We rely on the following result proved in prior work [27, 29] for the same eviction procedure we use (when focusing on fresh blocks):

Lemma 2

For any ZS, it holds that

$$\begin{aligned} \Pr [X(\mathsf{root}_Z)> Z+S] \le \sum _{n \ge 1} 4^n \cdot \max _{\tau \, : \, n(\tau )=n} \Pr [ X(\tau _\infty ) > Z \cdot n(\tau ) + S], \end{aligned}$$

where the maximum is over rooted subtrees \(\tau \) of T.

The following result depends on the specifics of the eviction procedure and the position map. Nevertheless, the end result we obtain for our scheme is the same as what is shown in prior work.

Lemma 3

Set \(A=1\) in our scheme. If b is a leaf node, \(\mathbf{Exp}[X(b_\infty )] \le 1\). If b is an internal node, \(\mathbf{Exp}[X(b_\infty )] \le 1/2\).

Proof

If b is a leaf node, then a fresh record corresponding to logical address i can only possibly be stored in that node if i is mapped to b by the position map. Since there are N logical addresses, and each is mapped to b with probability 1 / N, the claimed bound follows.

Say b is a non-leaf node at level \(\ell \). If b is not on any of the first M eviction paths (note that this is independent of \(\mathsf{seq}\) or the position map f), then b will contain no fresh records. Otherwise, let \(1 \le \mathsf{ctr}_1 \le M\) denote the last time b was on an eviction path, and let \(\mathsf{ctr}_0 < M\) denote the penultimate time b was on an eviction path (set \(\mathsf{ctr}_0=0\) if there was no such time). By the properties of reverse lexicographic ordering, we have \(\mathsf{ctr}_1-\mathsf{ctr}_0 \le 2^\ell \). The only possible fresh records that can be in b after all M instructions are executed are those corresponding to logical write addresses used in time steps \(\mathsf{ctr}_0+1, \ldots , \mathsf{ctr}_1\). Moreover, each such address causes a fresh record to be placed in bucket b with probability exactly \(2^{-(\ell +1)}\). Thus, the expected number of fresh records in b is at most \(2^\ell \cdot 2^{-(\ell +1)} = 1/2\).

   \(\square \)

A corollary is that if \(\tau \) is a rooted subtree then \(\mathbf{Exp}[X(\tau _\infty )] \le 0.8 \cdot n(\tau )\) for all \(N\ge 4\) (since in that case at most \(N/(2N-1) \le 4/7\) of the nodes in \(\tau \) can be leaves). Following the analysis of Ren et al. [27, Sect. 4.3] (taking \(a=0.8\)), we may then conclude that when \(Z\ge 3\), the probability of overflow decreases exponentially in S. This implies that the stash will not exceed \(\lambda \) records except with probability negligible in \(\lambda \).

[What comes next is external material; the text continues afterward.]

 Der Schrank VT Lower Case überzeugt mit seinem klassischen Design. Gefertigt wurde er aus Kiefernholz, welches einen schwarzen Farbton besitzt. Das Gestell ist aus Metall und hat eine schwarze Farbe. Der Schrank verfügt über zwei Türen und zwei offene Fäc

In Table 1 we report concrete bounds on the number of blocks in the client’s stash for different values of the bucket size Z and eviction parameter A. All values in the table are obtained from our theoretical analysis assuming N is sufficiently large. Simulations indicate that the stash size is even smaller than what the theoretical bounds indicate.

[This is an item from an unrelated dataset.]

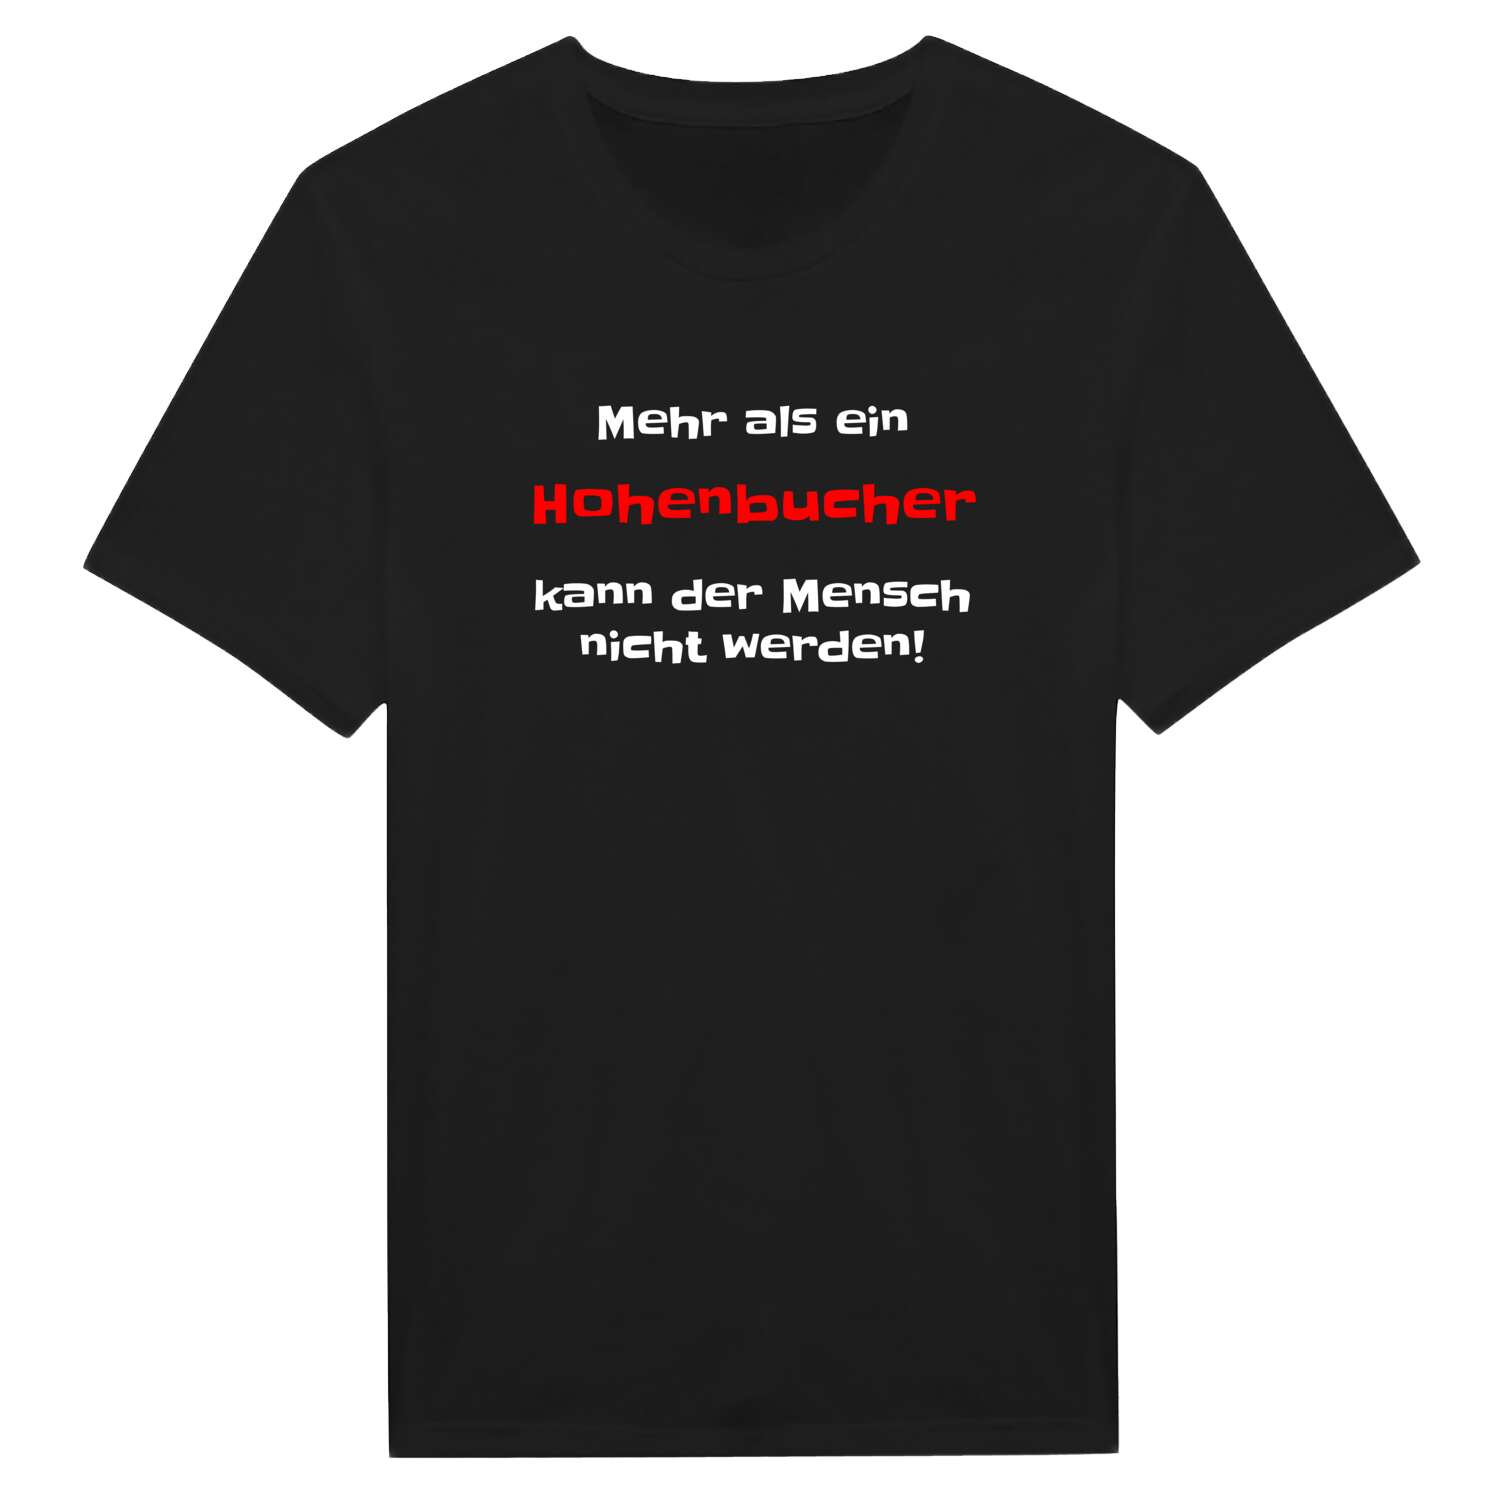 Hohenbuch T-Shirt »Mehr als ein«
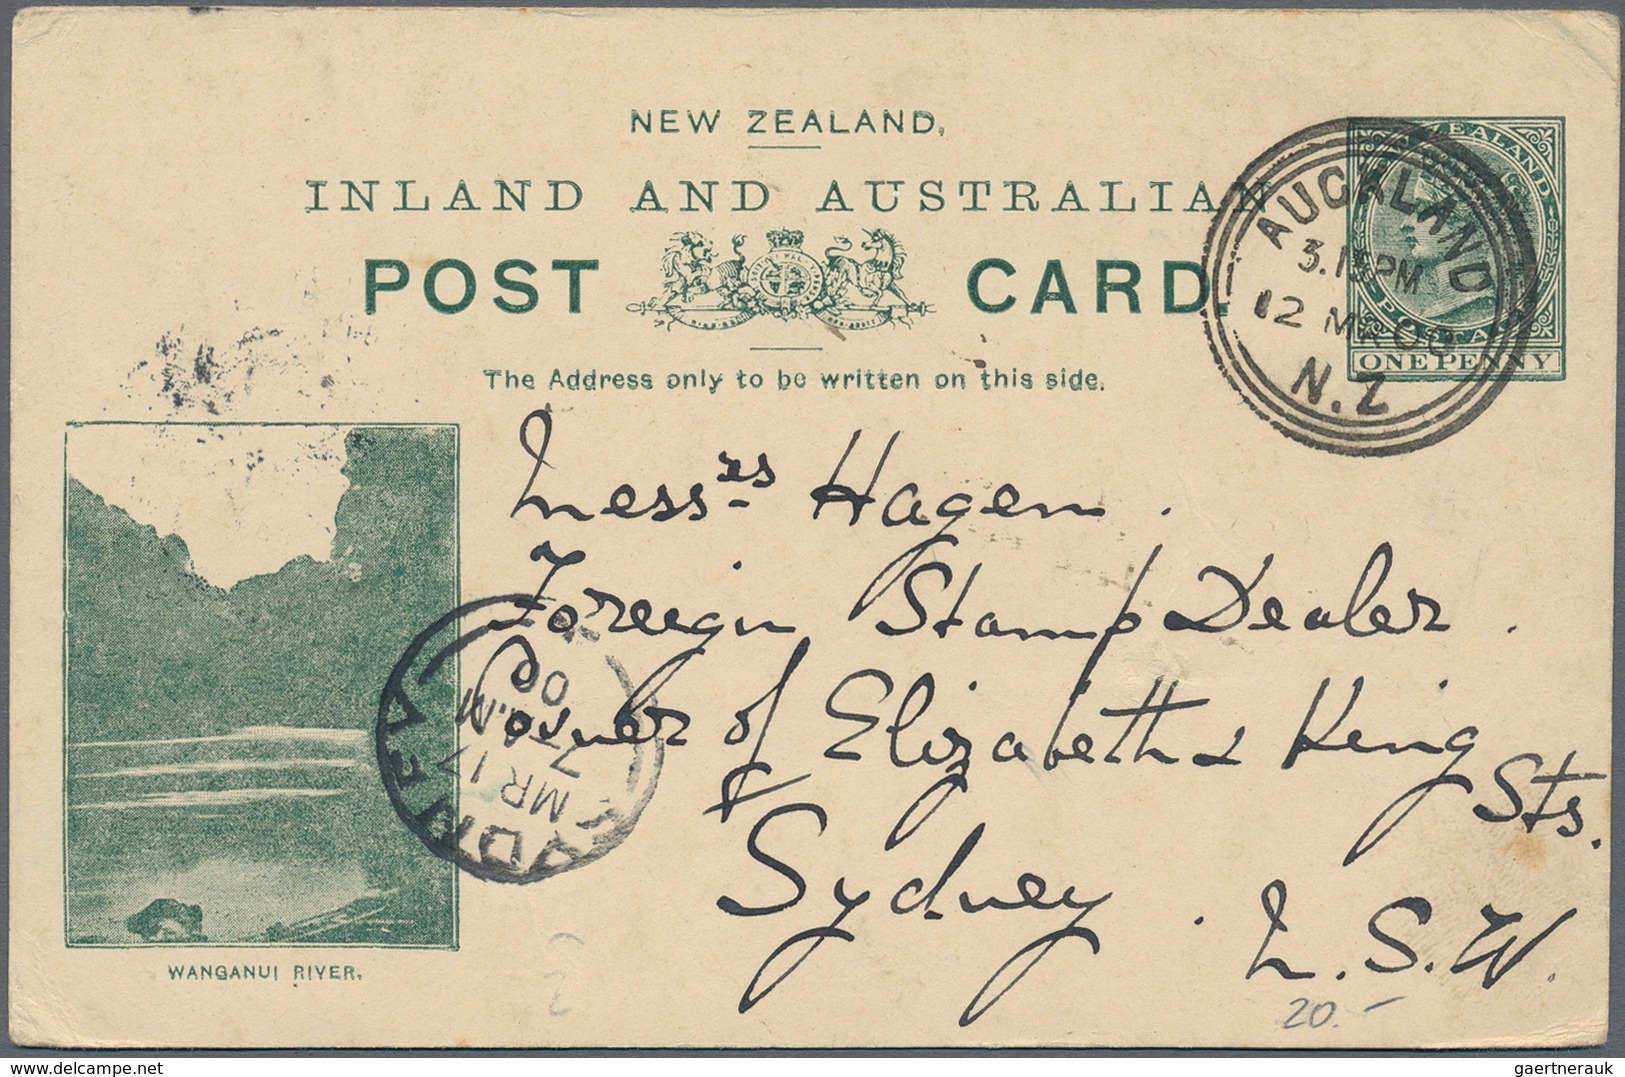 Neuseeland: 1889-1980, vielseitige Partie mit rund 200 Briefen, Belegen, Ganzsachen und FDC, dabei B

Table 1. Bounds on the number of blocks in the client’s stash. These bounds hold except with probability \(2^{-40}\) (per operation).

3.3 Optimizations

We briefly mention a few optimizations.

Heuristic parameters. As in the ring ORAM scheme, we experimentally observe that it suffices to set \(A=1\) and \(Z=2\) (giving the parameters mentioned in the abstract/introduction), or to set \(A=3\) and \(Z=3\) (giving slightly better communication at the expense of increased server storage).

A two-round variant. If we are willing to use one more round, the communication complexity can be further reduced by first having the client use PPR to read the indices in the records on the desired path, and then using an execution of PIR to read the single record of interest.